Bigorexia tak ubahnya Anorexia atau Bulimia Nervosa yang dialami kaum pria, bedanya Bigorexia ini dialami oleh kaum laki-laki yang terjadi ketika hasrat untuk memiliki tubuh berotot gagal sehingga menimbulkan depresi, berupa ketidakpercayaan diri. Umumnya dialami oleh pria dengan badan yang kurus. Ada semacam ‘obesesi’ untuk membentuk tubuh atletis, namun gagal karena ketidakpercayaan diri atau pola makan yang tidak sesuai sehingga bukan tubuh berotot sekaligus sehat yang diperoleh melainkan tubuh yang rentan terhadap penyakit.
Bulimia, Anorexia maupun Bigorexia sebenarnya erat juga dengan bagaimana seseorang mencitrakan dirinya yang bisa jadi karena pengaruh ‘standar’ sosial atau stereotipe sosial hingga media massa yang lahir di masyarakat bahwa perempuan dicitrakan kurus dan langsing, sedangkan pria digambarkan bertubuh atletis, besar penuh otot (muscle).

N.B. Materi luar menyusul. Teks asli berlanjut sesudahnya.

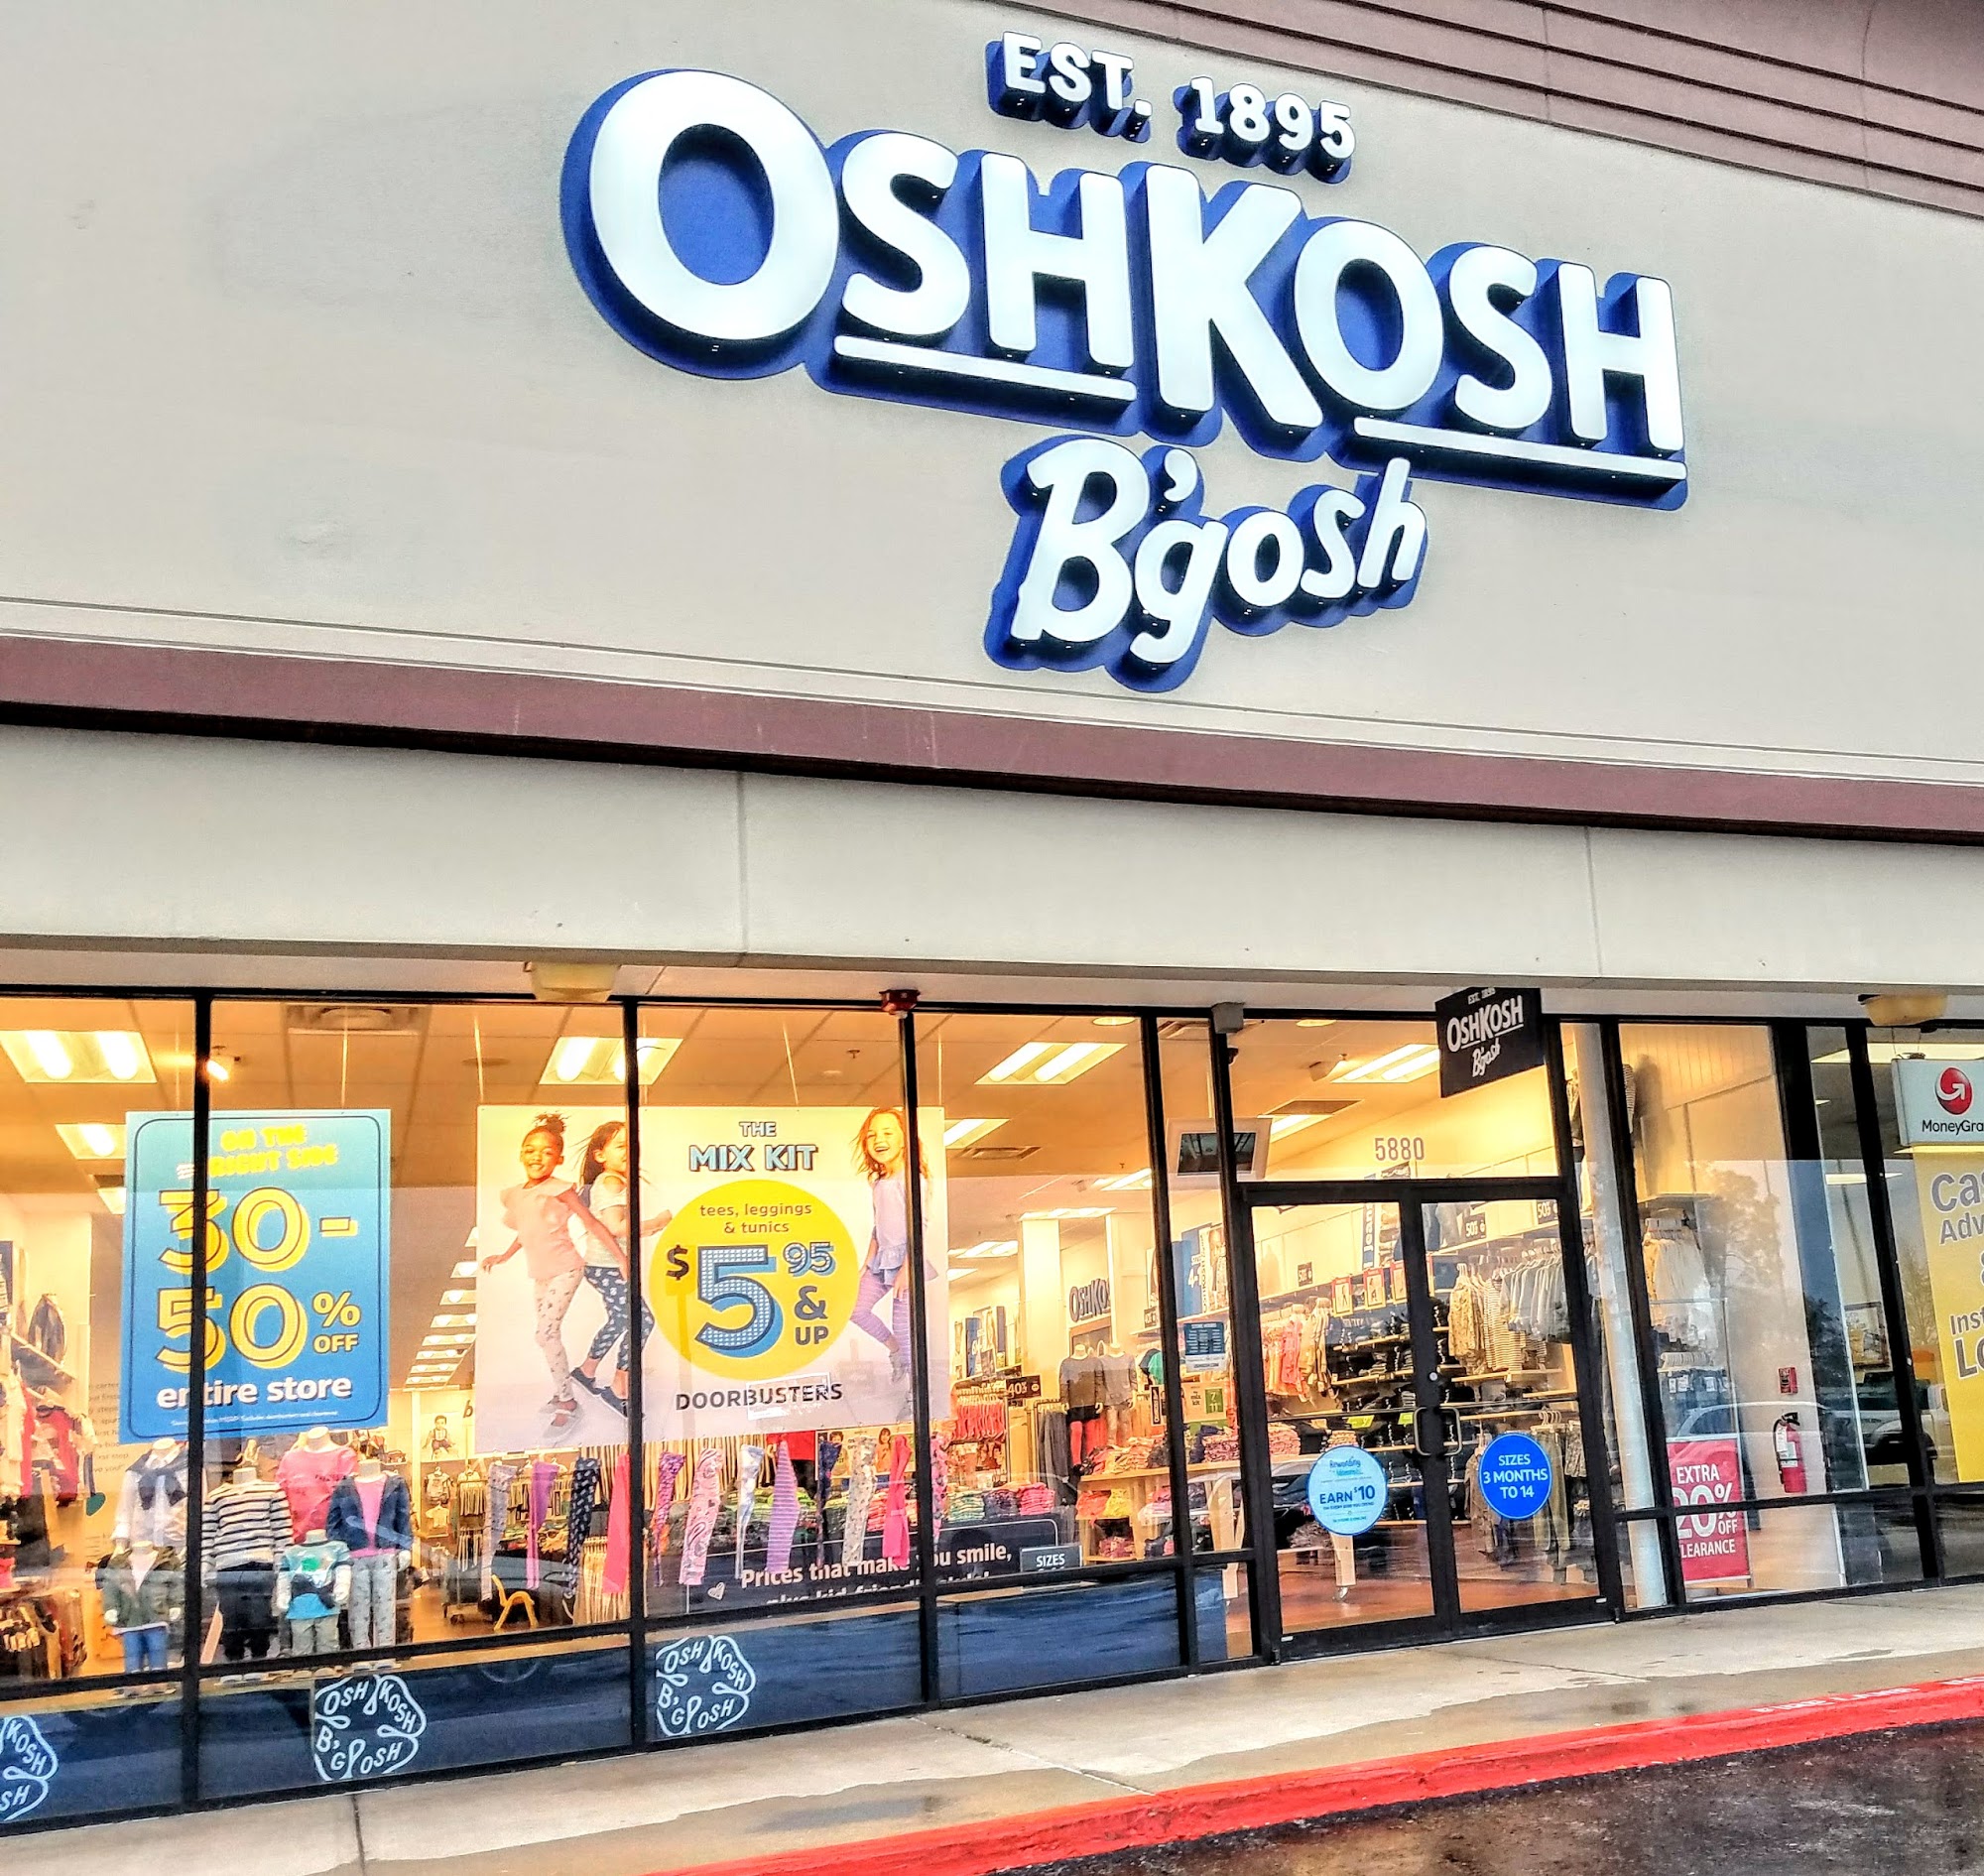 OshKosh B'Gosh

MaCreary,dkk pada tahun 2003 melakukan beberapa penelitian di USA dan Kanada, dengan hipotesis bahwa pria dengan latar belakang budaya patriarki yang tradisional mengembangkan sifat maskulin secara utuh sekaligus mengindikasi keinginan yang tinggi dalam hal memiliki tubuh berotot (muscularity), dibandingkan wanita dengan peran gender feminin yang kental. Artinya bahwa sifat maskulin akan berasosiasi positif dengan ‘muscularity’ dibandingkan sifat feminin yang berasosiaso negatif dengan muscularity. Penelitian tersebut menggunakan alat ukur psikologis utama yakni Drive for Muscularity Scale (DMS) disamping beberapa alat ukur pendukung semisal sosialisasi peran gender (EPAQ) dan skala konflik peran gender (GRC Scale).

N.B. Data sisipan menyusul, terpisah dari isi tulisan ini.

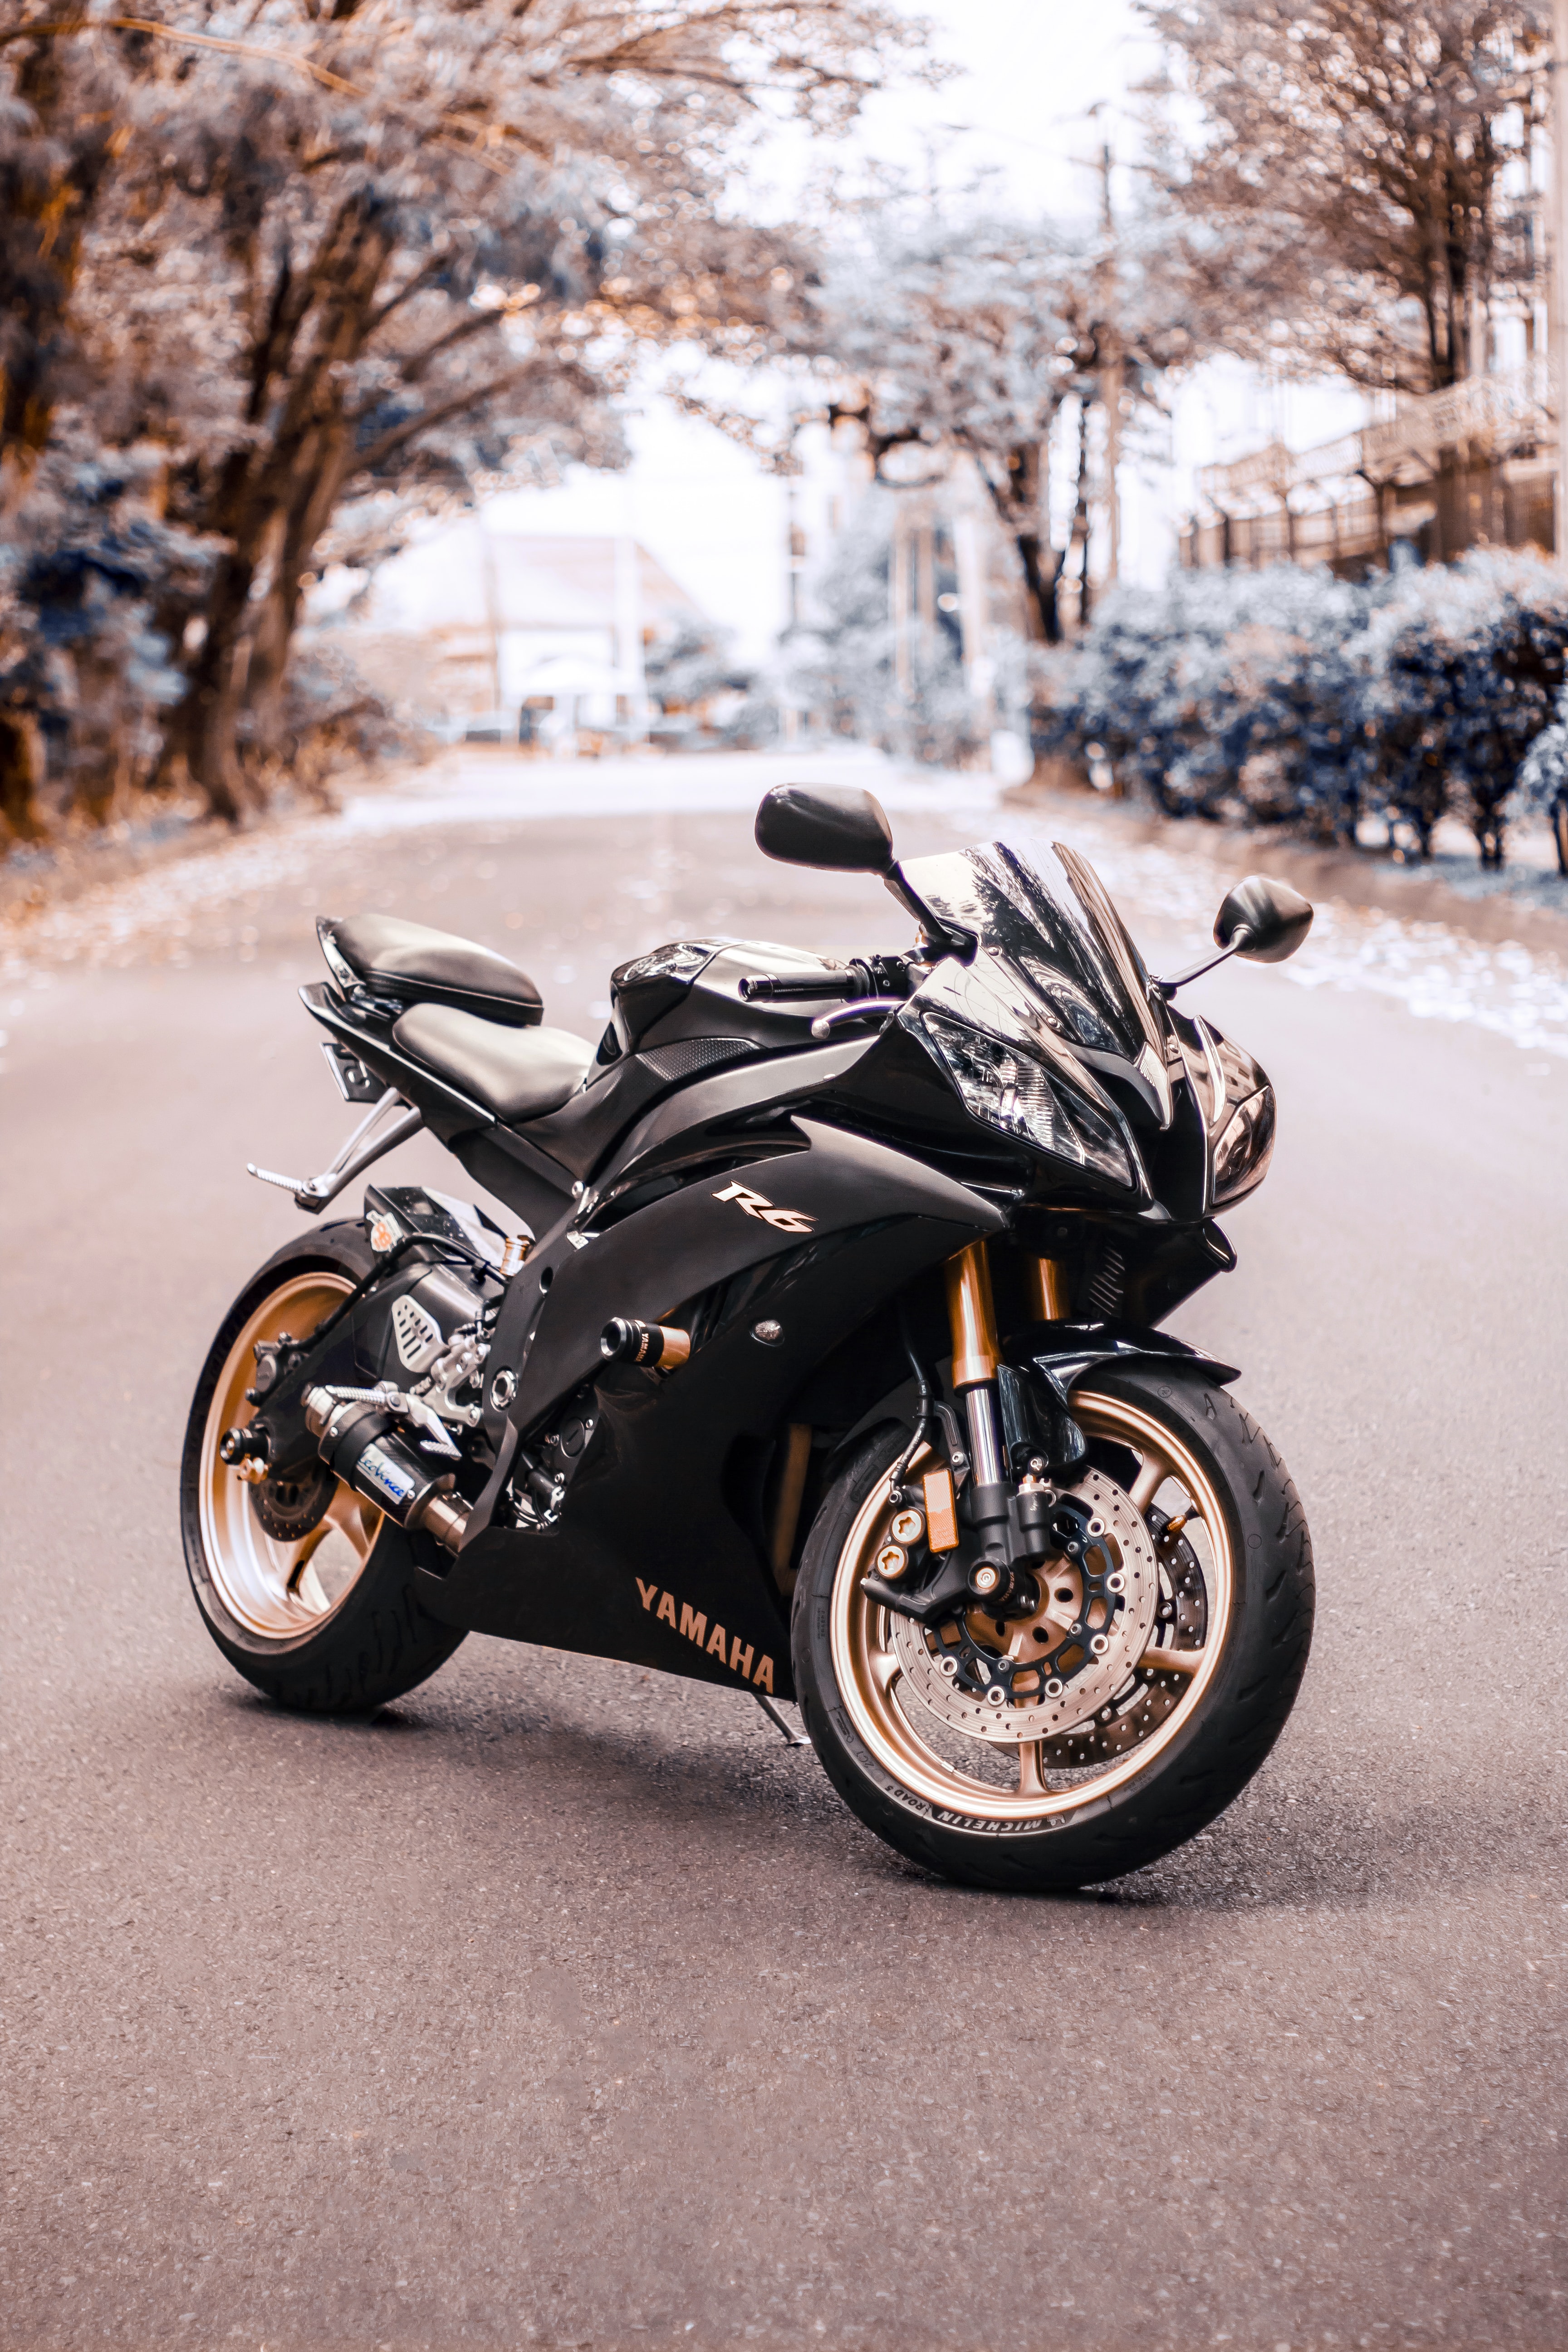 yamaha, bike, motorcycles, yamaha r6, side view, black, motorcycle

Menarik bahwa pengaruh budaya sangat kuat dalam membentuk citra diri seseorang. Ada stereotype yang berekmbang bahwa pria yang kurus cenderung dianggap lebih feminin dibandingkan pria yang berotot yang otomatis akan berasosiasi dengan sifat maskulin, hal inilah yang mendorong banyak remaja pria hingga pria dewasa di Amerika dan Kanada begitu memperhatikan bentuk tubuh mereka dengan rajin fittnes, mengatur pola makan hingga diet khusus menambah masa otot atau mengurangi masa otot. Hal inilah yang kemudian mendatangkan efek tersendiri bagi seseorang yang gagal membentuk tubuhnya berotot, bisa karena secara genetika seseorang memang berbadan kecil/kurus atau sulit meningkatkan masa otot atau sebaliknya karena pola makan yang diluar kontrol, bukannya mendapatkan tubuh yang berotot melainkan tubuh gemuk penuh lemak. Sehingga orang tersebut akan semakin mudah mengalami stres hingga depresi.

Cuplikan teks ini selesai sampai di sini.